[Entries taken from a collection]
# # #

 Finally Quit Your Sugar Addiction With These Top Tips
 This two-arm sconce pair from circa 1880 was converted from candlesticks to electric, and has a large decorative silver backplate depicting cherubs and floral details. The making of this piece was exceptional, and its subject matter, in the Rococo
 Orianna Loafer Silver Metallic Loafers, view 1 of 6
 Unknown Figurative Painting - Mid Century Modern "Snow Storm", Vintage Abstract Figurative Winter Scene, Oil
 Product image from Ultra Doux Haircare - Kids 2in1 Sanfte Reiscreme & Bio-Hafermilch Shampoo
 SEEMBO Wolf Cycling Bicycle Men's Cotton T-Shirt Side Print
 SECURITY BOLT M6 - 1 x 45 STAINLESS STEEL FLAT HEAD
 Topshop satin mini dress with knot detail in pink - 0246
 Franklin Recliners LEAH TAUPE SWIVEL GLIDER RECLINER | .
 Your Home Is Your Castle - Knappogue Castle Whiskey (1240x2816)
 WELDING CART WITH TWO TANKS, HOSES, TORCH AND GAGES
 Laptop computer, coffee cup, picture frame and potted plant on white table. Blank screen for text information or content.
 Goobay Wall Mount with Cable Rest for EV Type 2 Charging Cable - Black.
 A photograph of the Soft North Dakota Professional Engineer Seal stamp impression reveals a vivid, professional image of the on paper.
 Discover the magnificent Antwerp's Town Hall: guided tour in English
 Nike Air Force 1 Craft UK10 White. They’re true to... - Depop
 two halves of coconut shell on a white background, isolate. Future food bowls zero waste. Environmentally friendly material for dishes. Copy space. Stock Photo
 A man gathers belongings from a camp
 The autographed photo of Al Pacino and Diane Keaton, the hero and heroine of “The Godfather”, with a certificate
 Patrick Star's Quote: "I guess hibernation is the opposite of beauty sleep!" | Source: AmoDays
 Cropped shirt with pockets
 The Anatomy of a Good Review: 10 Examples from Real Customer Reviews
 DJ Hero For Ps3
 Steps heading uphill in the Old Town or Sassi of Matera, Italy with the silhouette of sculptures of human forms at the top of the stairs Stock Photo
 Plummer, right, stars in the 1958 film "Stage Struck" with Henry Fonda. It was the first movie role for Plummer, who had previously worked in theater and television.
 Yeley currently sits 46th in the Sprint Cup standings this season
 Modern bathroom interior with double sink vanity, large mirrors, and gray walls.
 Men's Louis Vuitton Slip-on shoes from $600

# # #

Say how many lines of the records contain the word "Your", and give no other output.

** RESPONSE AREA **
2